Trella joins other local inductees like Naugatuck’s Joe Rossi.

Trella earned his first title shot as a judge in 2004 when New York state boxing commissioner Ron Scott Stevens “gave me my first world title fight, and it was no less than a heavyweight championship fight on HBO in Madison Square Garden between Chris Byrd and Jameel McCline.”

Byrd won the split decision. Trella had it for Byrd, 115-112.

“It took a lot of nerve for the state commissioner to have that much trust in me,” Trella said.

Trella has been covered with an avalanche of trust ever since. You don’t earn 64 more world title fights if you don’t get it right always.

“We take pride in what we do,” Trella said. “These guys work very hard to get to defend a title or fight for a title, and you’re going to have one-third of the say in how the result comes out. You owe it to them to be focused, to give them your undivided attention and to give them a fair score. There is a lot at stake for these guys.”

Trella brings an athlete’s mentality to ringside. He remembers playing football at Holy Cross, feeling the pregame butterflies, “and when you get that first hit, you’re OK. You just play the game.”

The same thing happens even outside the prize ring. Trella feels the nerves, too.
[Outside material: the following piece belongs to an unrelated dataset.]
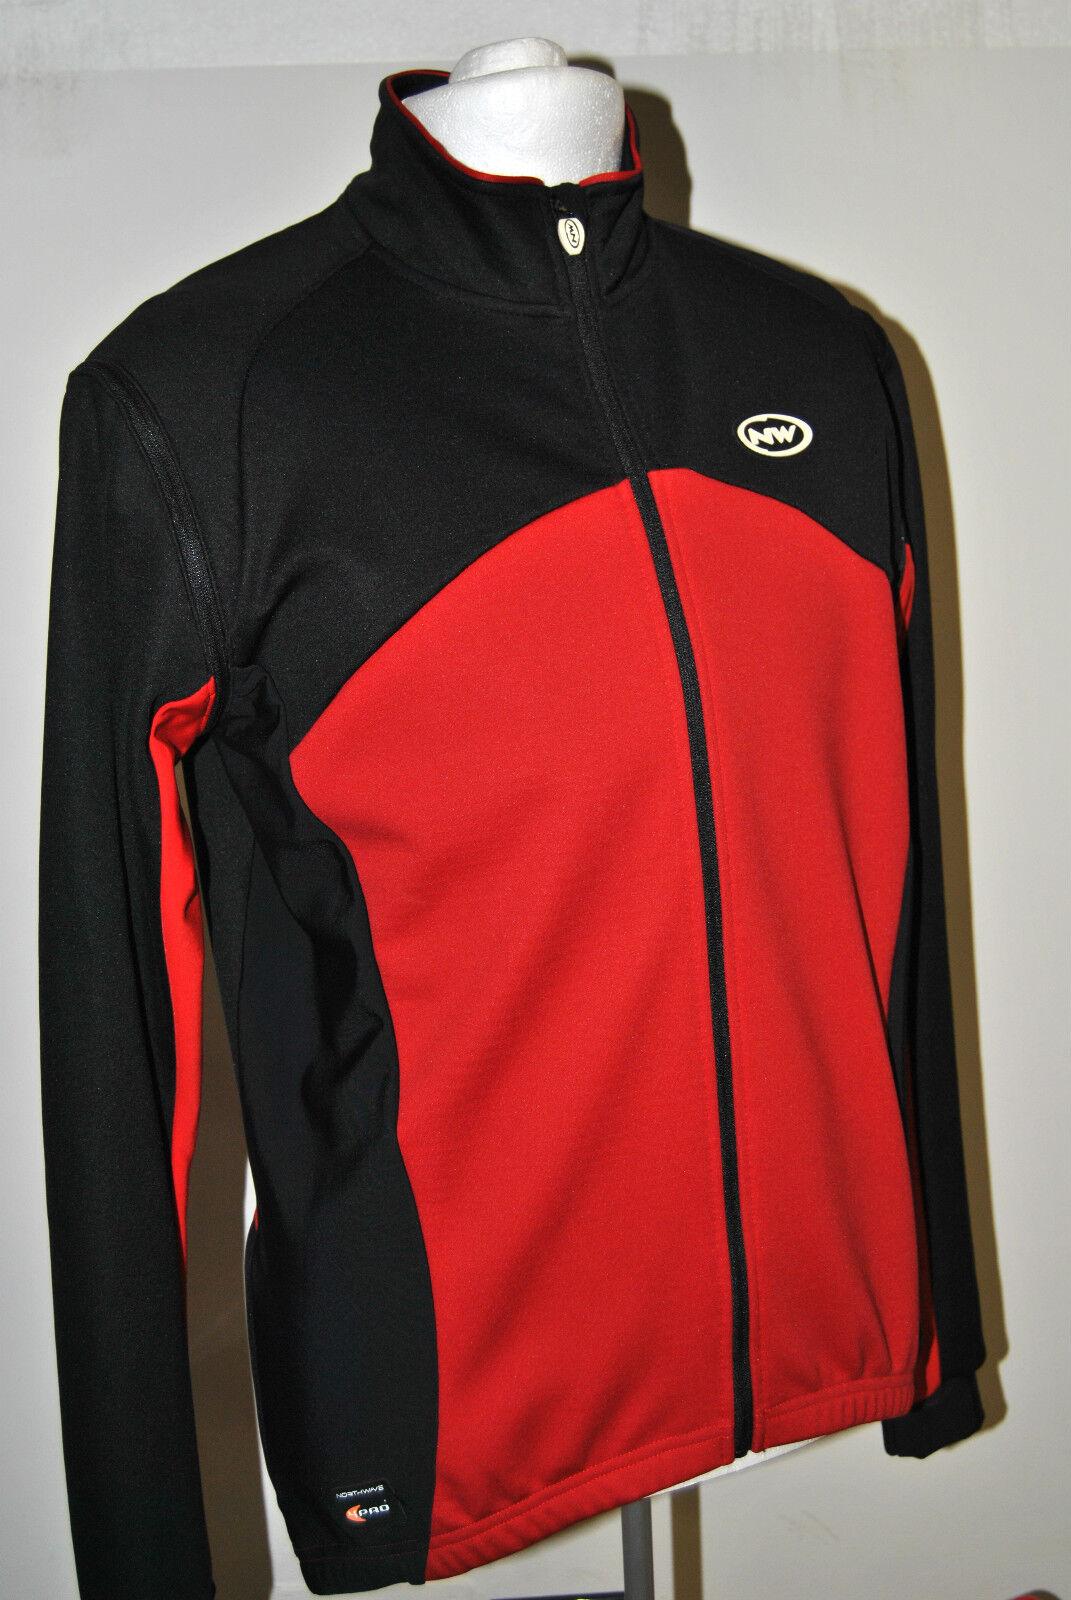 VESTE Pour l'hiver  NORTHWAVE COMBI Mod. color Red veste RED BLA  fishional store for sale

“I do, and I want to feel nervous,” he said. “You look around at the spotlights, the TV cameras, the anthem and all the celebrities in the crowd, and you realize that you are lucky to have this opportunity. It’s a little overwhelming, and you’re a little nervous. You’ve got to get it right. But when the bell rings, it’s just like any other fight I do. Every fight gets the same attention and the same focus.”

Humbled by the Hall of Fame honor, Trella quipped that this award may be “somebody trying to tell you that you’re still around, but you’re getting close to the end.”

But, he added, “Nobody gets here by themselves. You stand on a lot of shoulders when you get an honor like this, like your employer, boxing promoters and commissioners, and all the people that help you along the way.”